Cloud storage sync and management operations can modify, overwrite, or remove files across accounts. This is purpose-aligned and the skill includes safety checks, but the impact can be significant if used without user review.
User needs to upload, download, sync, or manage files across cloud storage providers.
Confirm source, destination, scope, costs, and backup/restoration checks before approving bulk syncs, migrations, or deletions.
Over-scoped or mishandled credentials could allow unintended access to cloud files or account resources.
The skill describes use of cloud credentials, service account keys, CLI logins, and OAuth tokens. These are expected for the stated purpose, and the document gives some least-privilege guidance, but these credentials can grant broad cloud storage access.
export AWS_ACCESS_KEY_ID=AKIA...; export AWS_SECRET_ACCESS_KEY=...; export GOOGLE_APPLICATION_CREDENTIALS=/path/to/key.json; export AZURE_CLIENT_SECRET=...
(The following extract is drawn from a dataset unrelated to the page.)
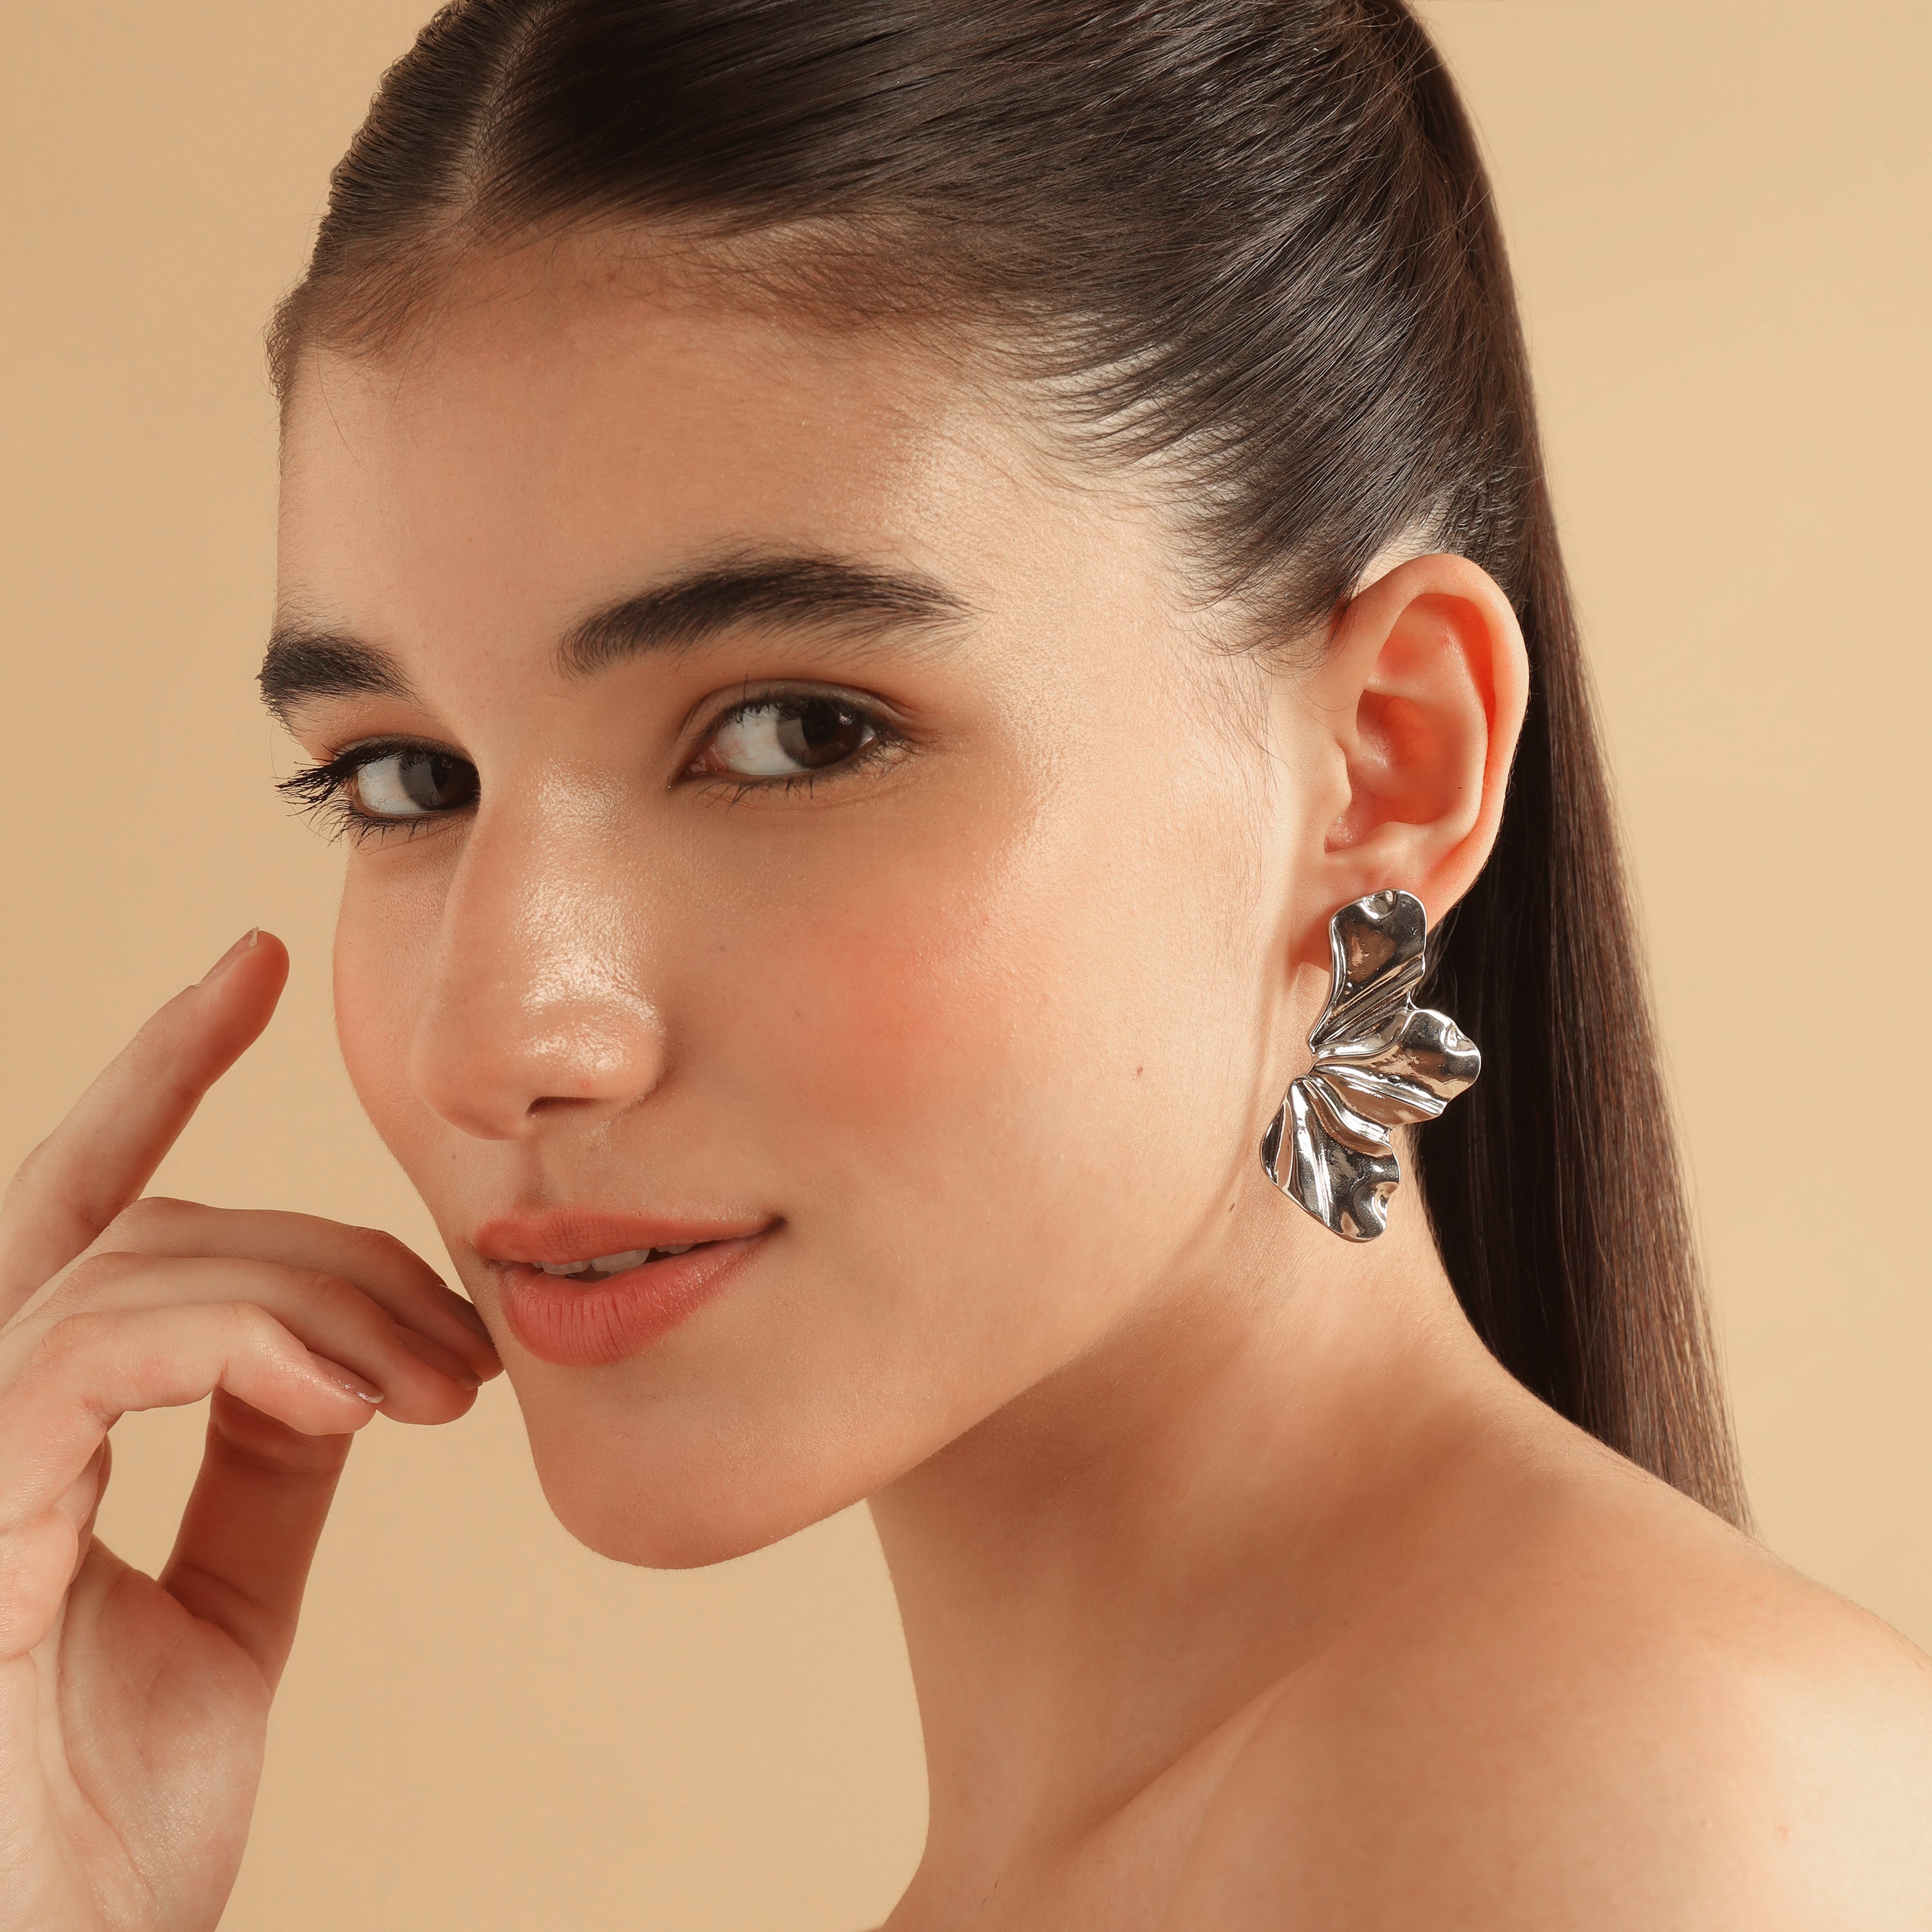 TFC Bling Blossom Silver Plated Stud Earrings

Use least-privilege service accounts or scoped OAuth permissions, avoid root/admin keys, rotate secrets, and avoid exposing credentials in chat or logs.
It may be harder to independently verify the author or maintenance history of the guidance.
The artifacts do not provide a public source or homepage for provenance. Because there is no executable code or install step, this is only a provenance note, not a concrete unsafe behavior.
Source: unknown; Homepage: none; No install spec — this is an instruction-only skill.
Review the included instructions and cross-check provider-specific guidance against official cloud provider documentation before acting on sensitive operations.